- Theatrical release poster
- Directed by: Abbas Tyrewala
- Written by: Abbas Tyrewala
- Produced by: Mansoor Khan Aamir Khan
- Starring: Imran Khan Genelia D'Souza Prateik Babbar Manjari Fadnis Ayaz Khan Paresh Rawal Naseeruddin Shah Ratna Pathak Shah Karan Makhija Alishka Varde Nirav Mehta Sugandha Garg Arbaaz Khan Sohail Khan Renuka Kunzru
- Cinematography: Manoj Lobo
- Edited by: Shan Mohammed
- Music by: A. R. Rahman
- Production companies: Aamir Khan Productions PVR Pictures
- Distributed by: PVR Pictures
- Release date: 4 July 2008;
- Running time: 155 minutes
- Country: India
- Language: Hindi
- Budget: ₹15 crore
- Box office: ₹84 crore

= Jaane Tu... Ya Jaane Na =

2008 Indian film by Abbas Tyrewala

Jaane Tu... Ya Jaane Na ( Whether You Know Or Not) is a 2008 Indian Hindi-language coming-of-age romantic comedy film written and directed by Abbas Tyrewala and produced by Mansoor Khan and Aamir Khan under Aamir Khan Productions, with Ajay K. Bijli and Sanjeev K. Bijli of PVR Pictures acting as co-producers. The film stars Imran Khan (in his film debut) and Genelia D'Souza with Prateik Babbar (in his film debut), Manjari Fadnis and Ayaz Khan.

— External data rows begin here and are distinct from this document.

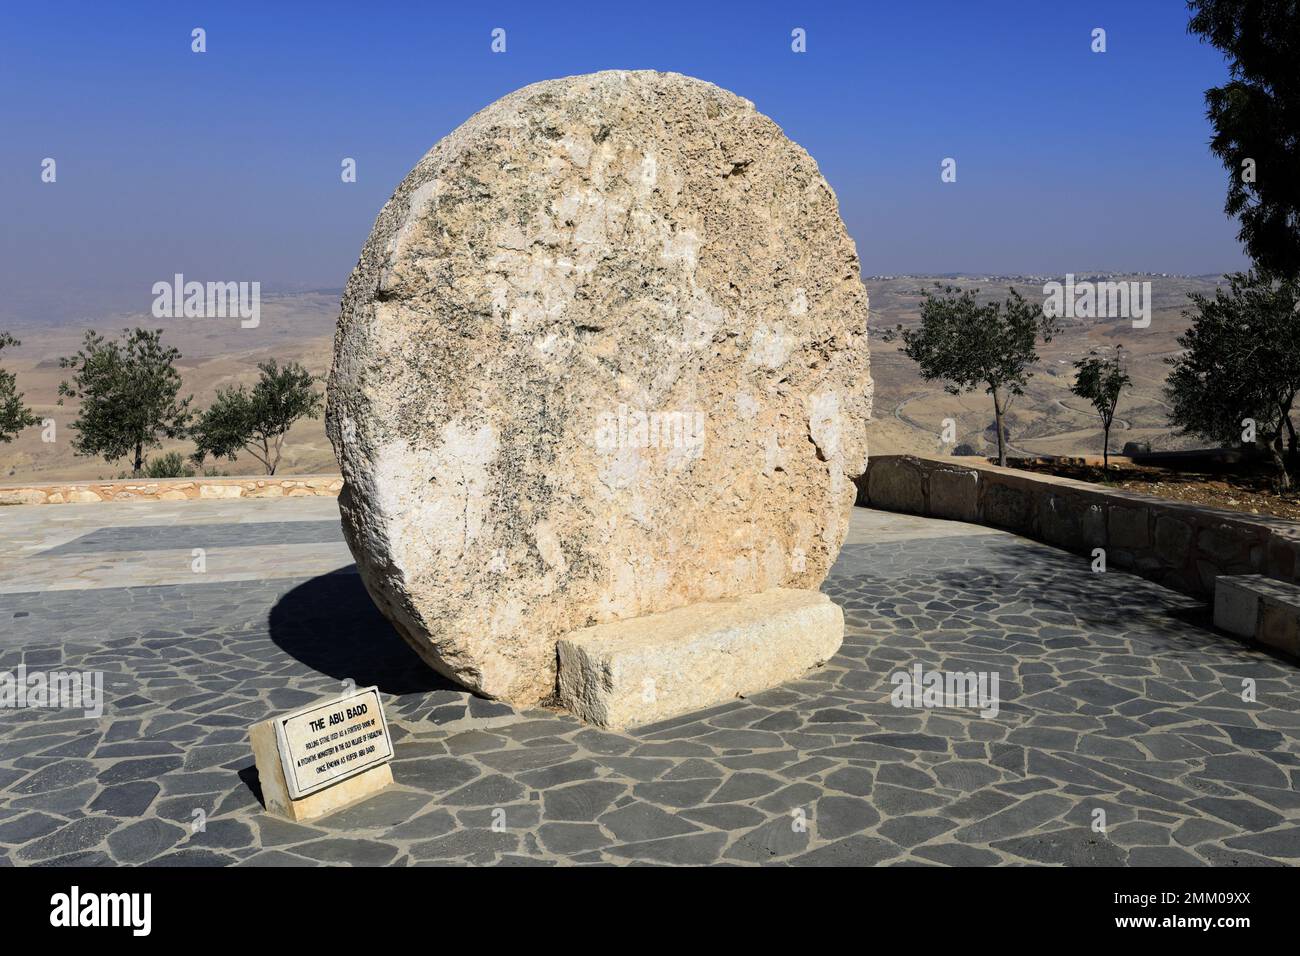 La pierre d'Abou Badd, porte fortifiée d'un monastère byzantin dans le vieux village de Faysaliyah, Mont Nebo, Jordanie, Moyen-Orient Banque D'Images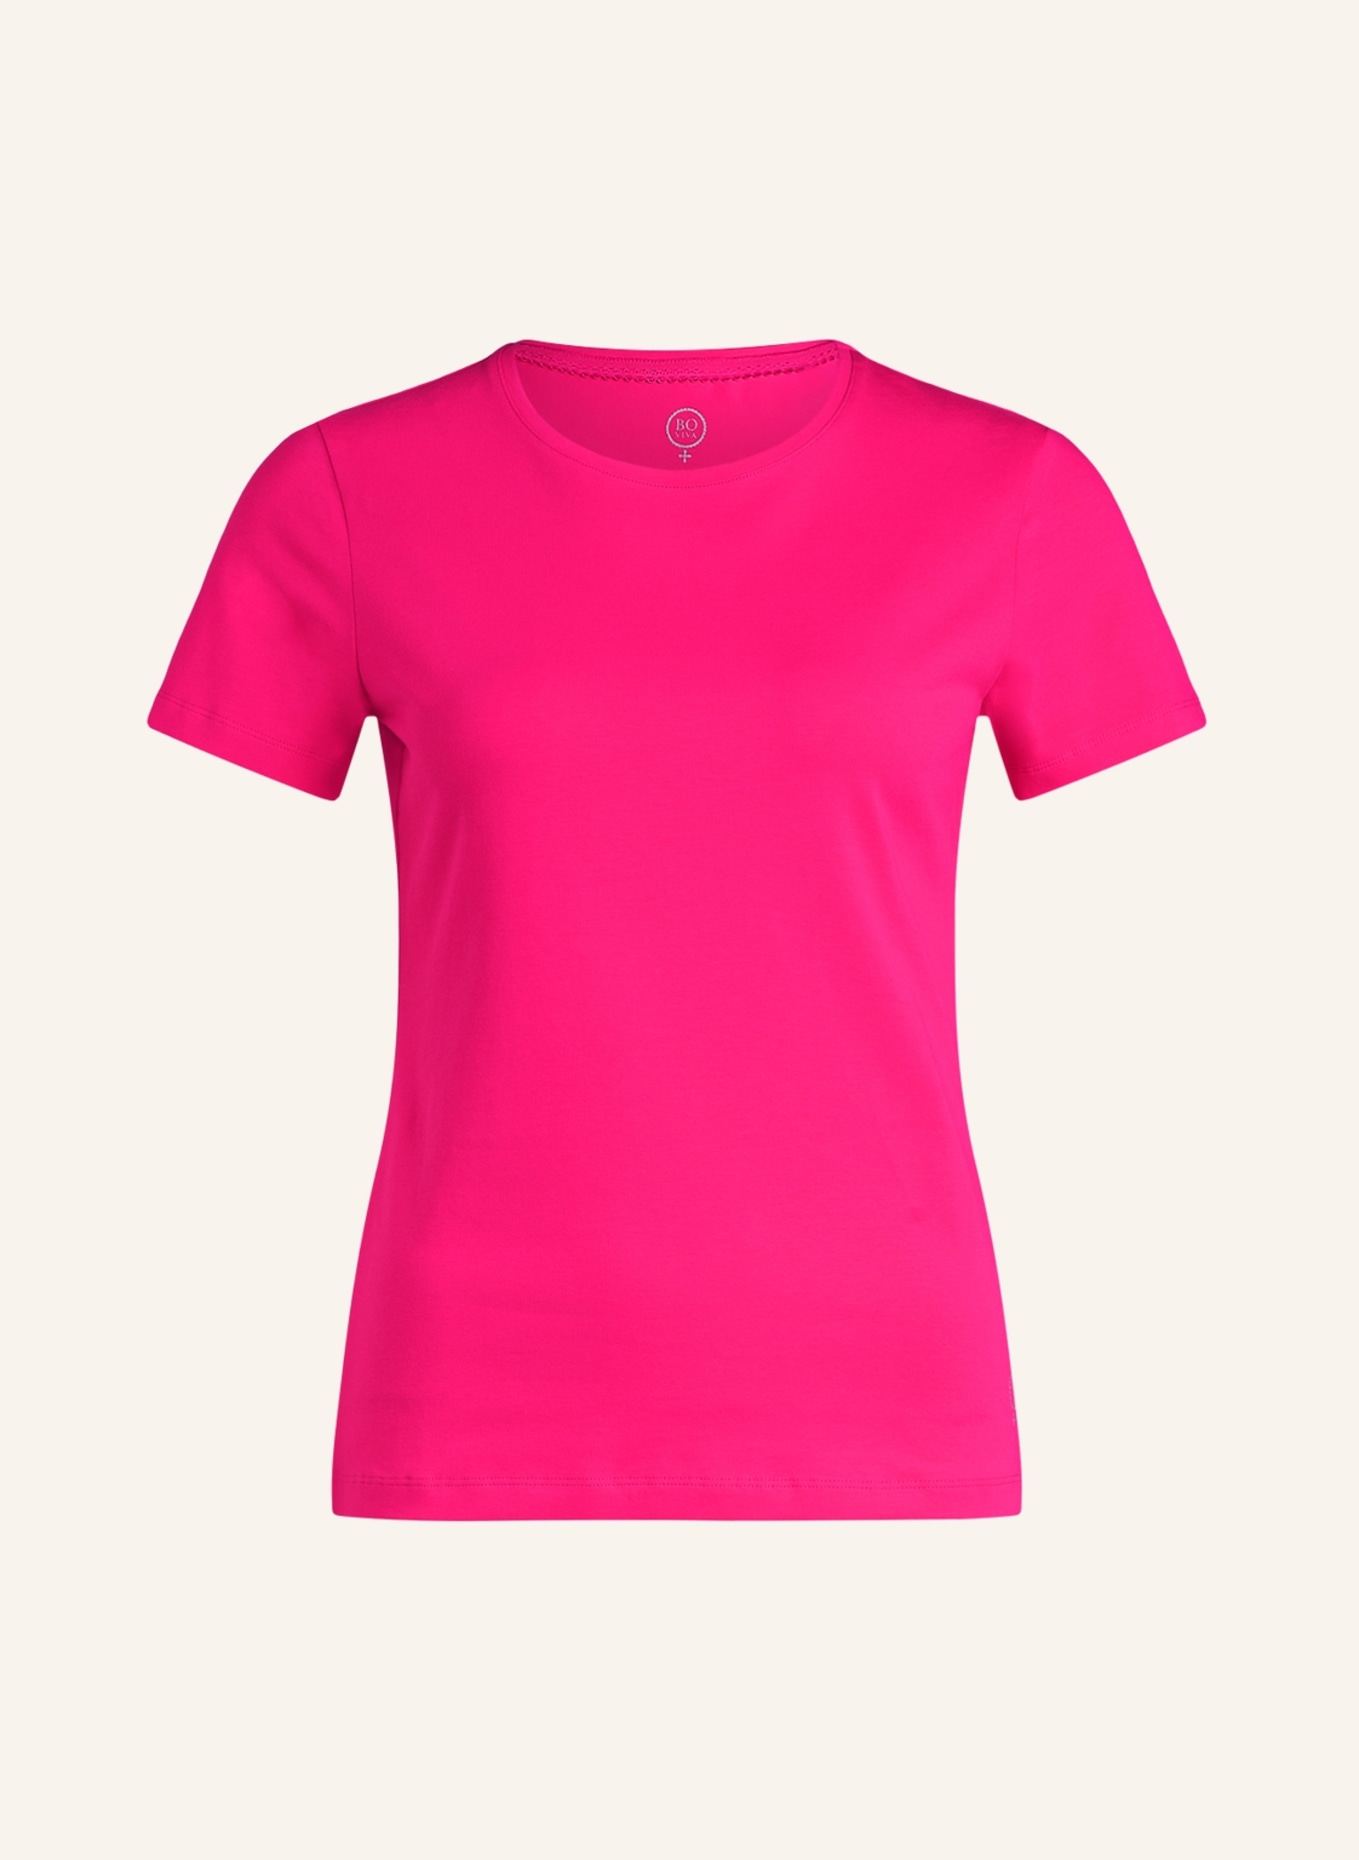 BOVIVA T-Shirt mit Schmucksteinen, Farbe: PINK (Bild 1)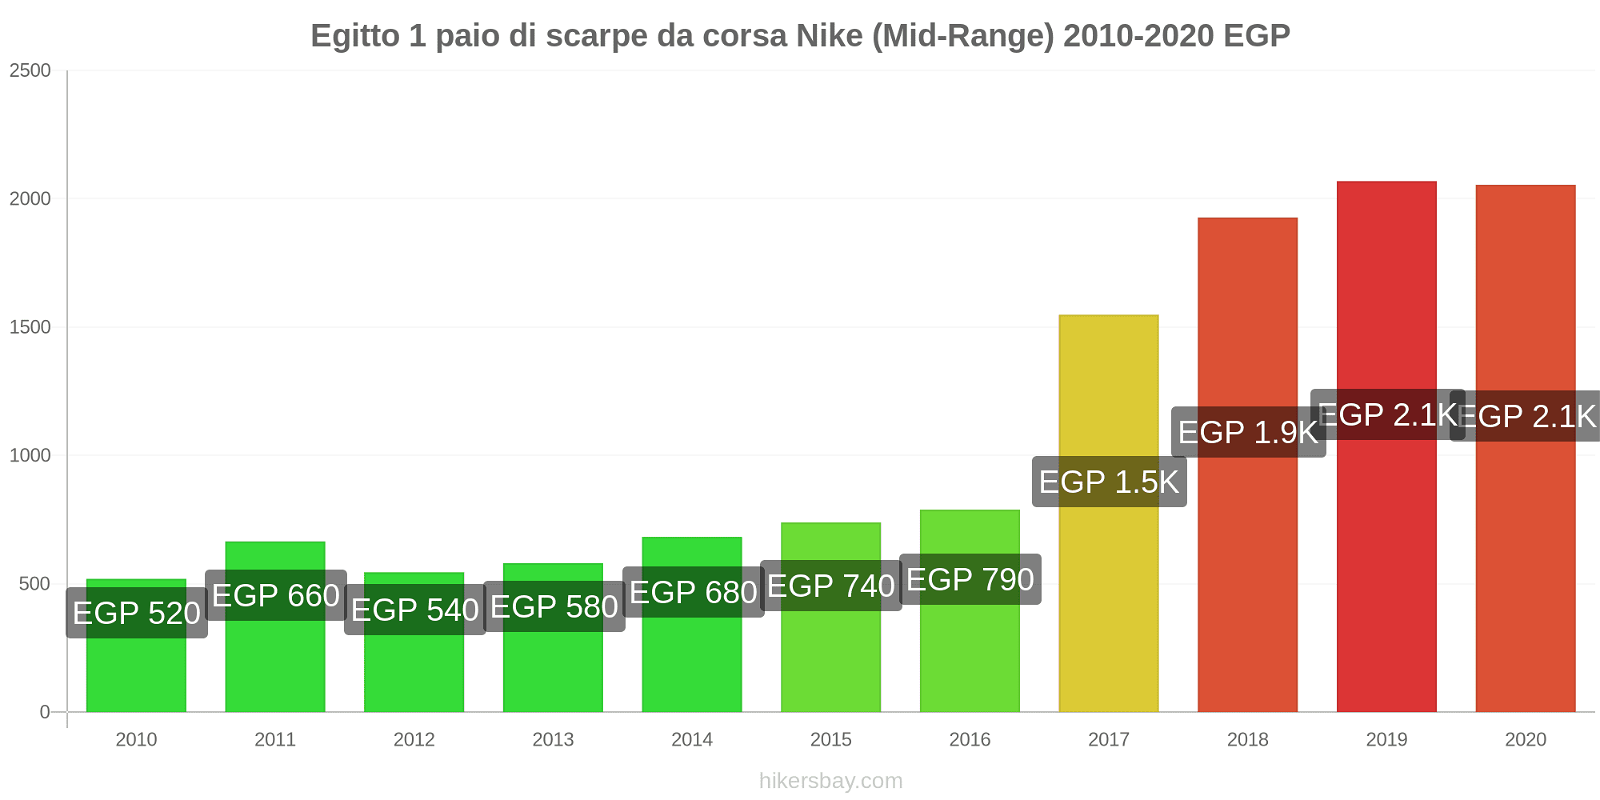 Egitto variazioni di prezzo 1 paio di scarpe da corsa Nike (simile) hikersbay.com

Jaane Tu... Ya Jaane Na follows the lives of two best friends Jai and Aditi. They refuse to have romantic feelings but realise their love for each other once they start dating different people. It marked Tyrewala's full-fledged screenwriting and directorial debut. The film's soundtrack was composed by A. R. Rahman with lyrics written by Tyrewala.

The film was theatrically released on 4 July 2008, and proved to be a major commercial success at the box office. Jaane Tu... Ya Jaane Na received positive reviews from critics, with praise towards its direction, story, screenplay, soundtrack, cinematography and cast's performances.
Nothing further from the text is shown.